Data –

*** Block opens ***

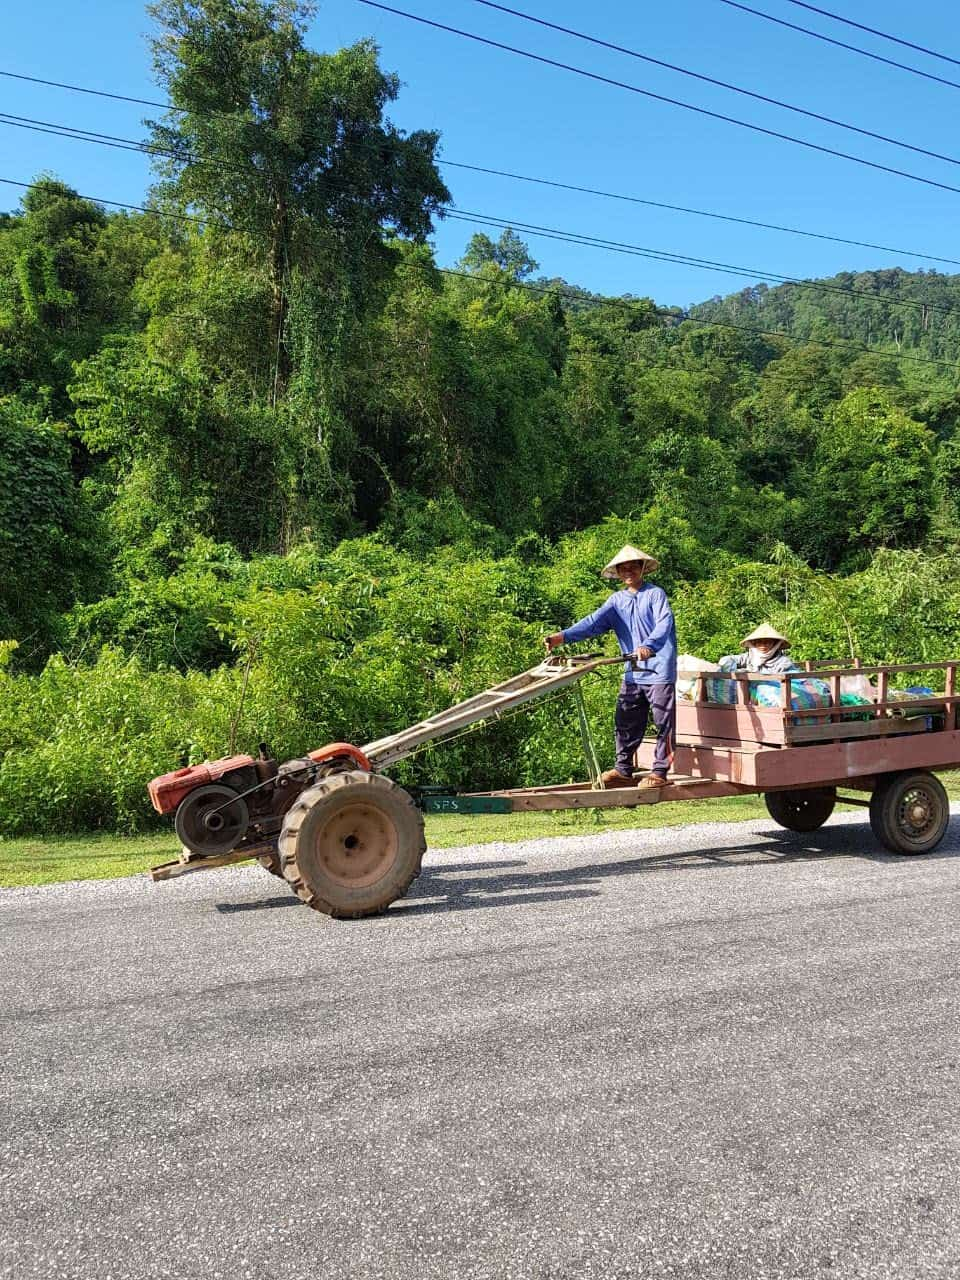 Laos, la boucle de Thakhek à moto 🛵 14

*** Block closes ***
*** Block opens ***

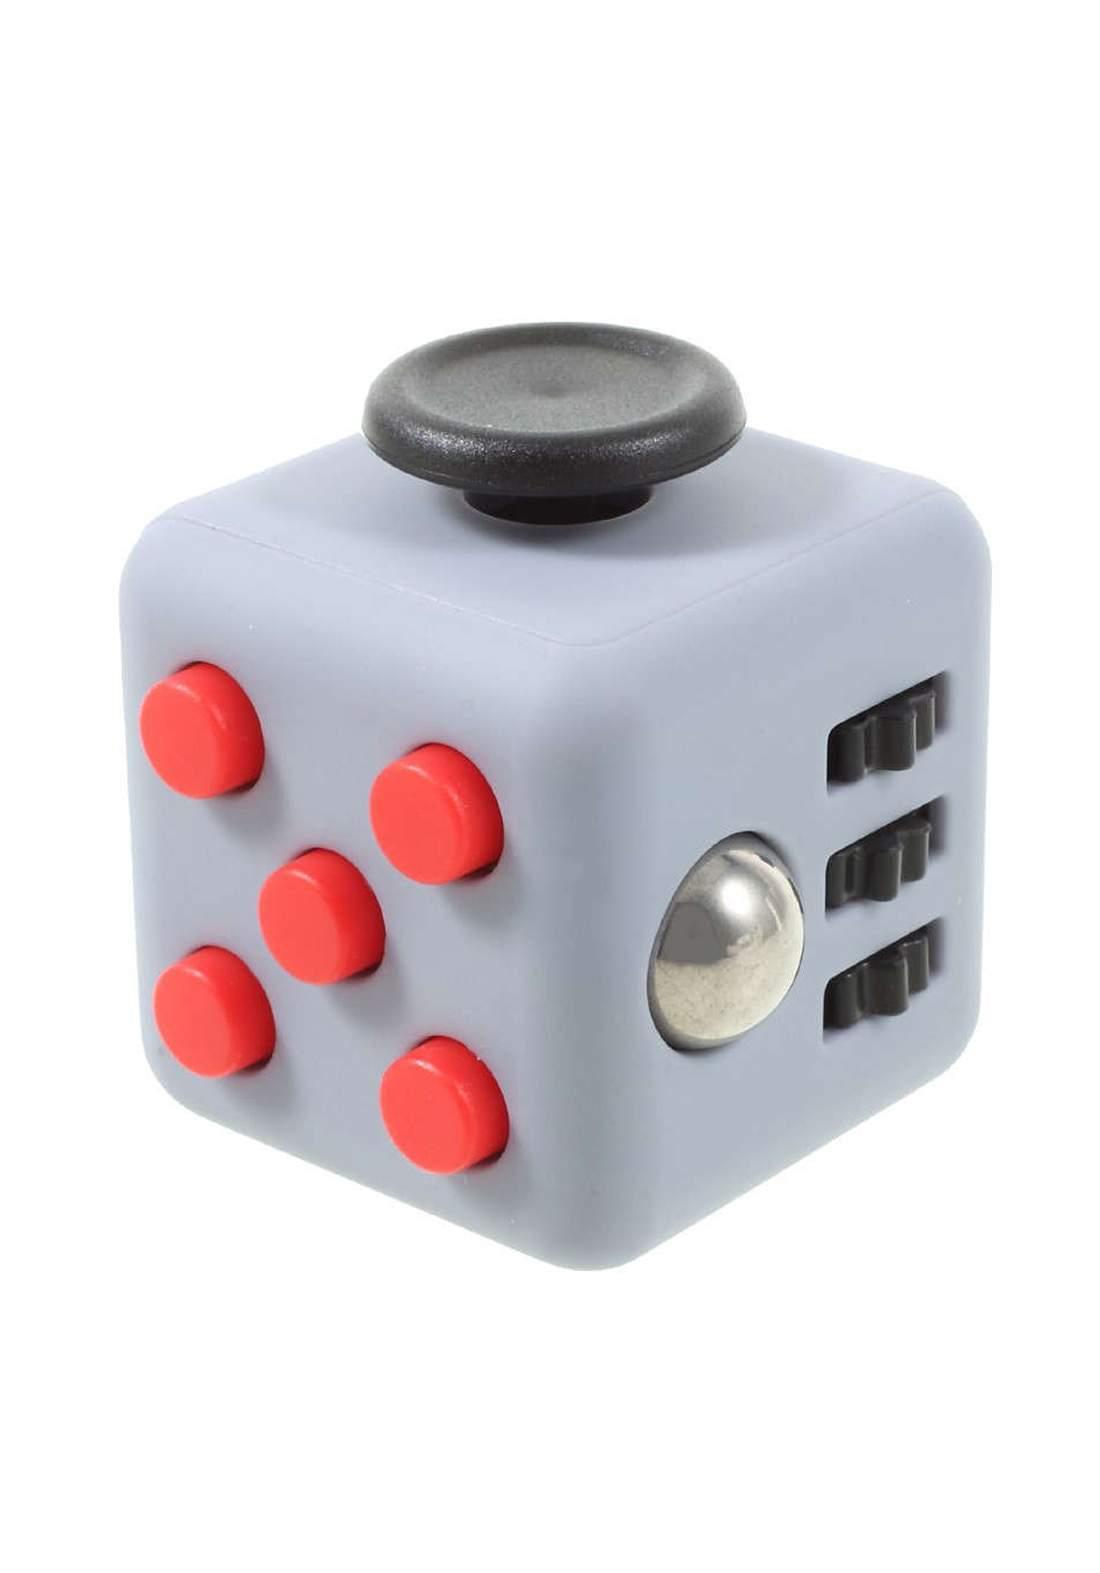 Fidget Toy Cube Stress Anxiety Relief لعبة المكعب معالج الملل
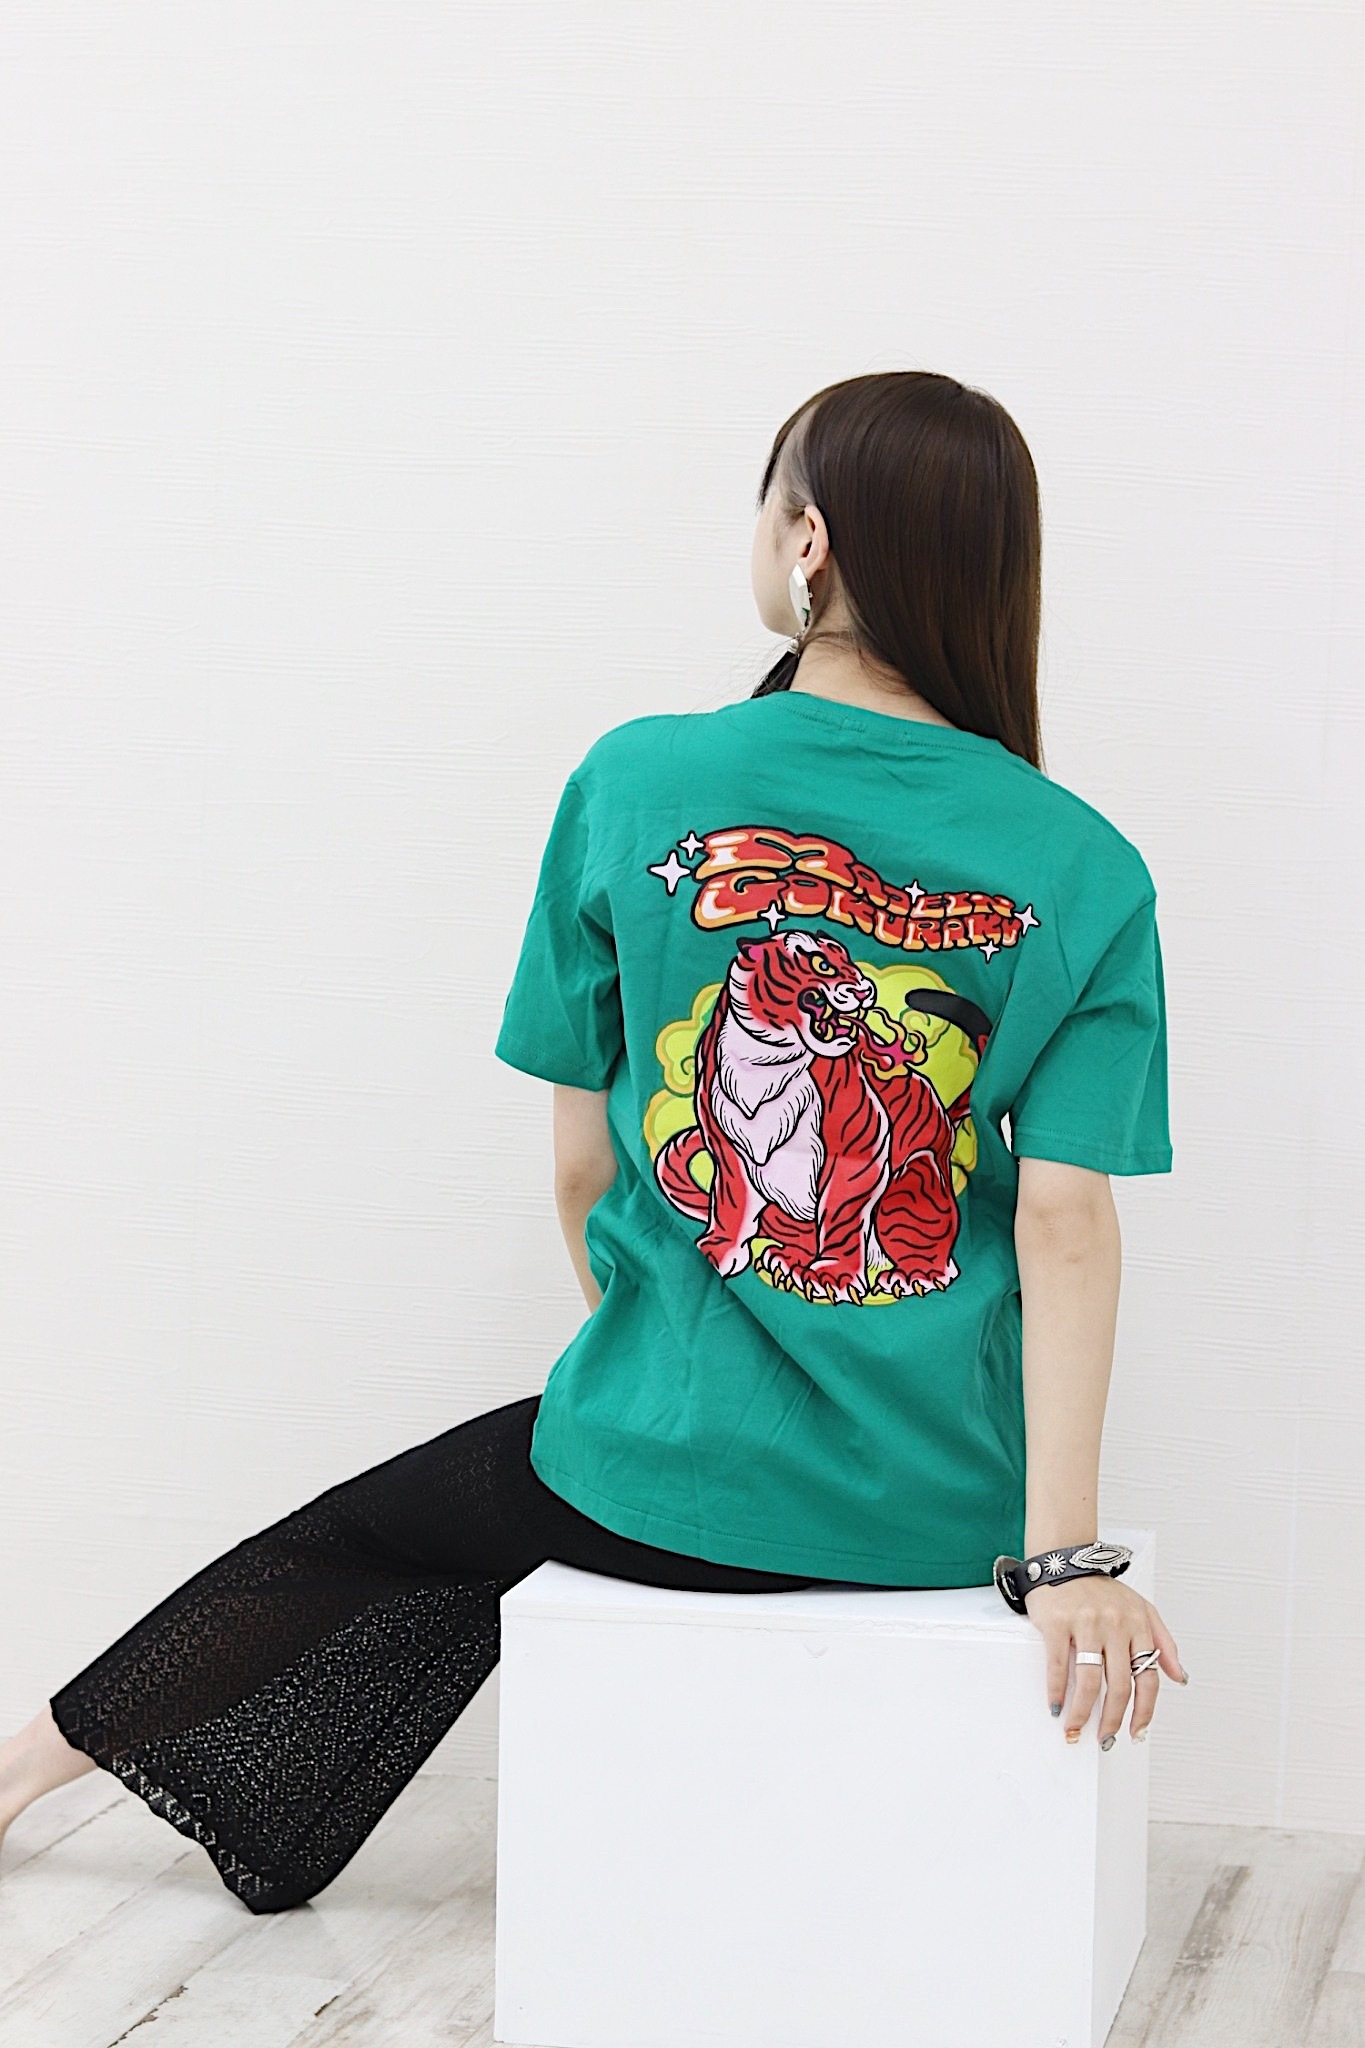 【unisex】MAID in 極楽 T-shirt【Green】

*** Block closes ***

Activity – Above are the records. Copy only the lines from the one with "Fidget Toy Cube" through the one with "in 極楽 T-shirt【Green】", exactly, with no pictures.

Your solution –
 Fidget Toy Cube Stress Anxiety Relief لعبة المكعب معالج الملل
 【unisex】MAID in 極楽 T-shirt【Green】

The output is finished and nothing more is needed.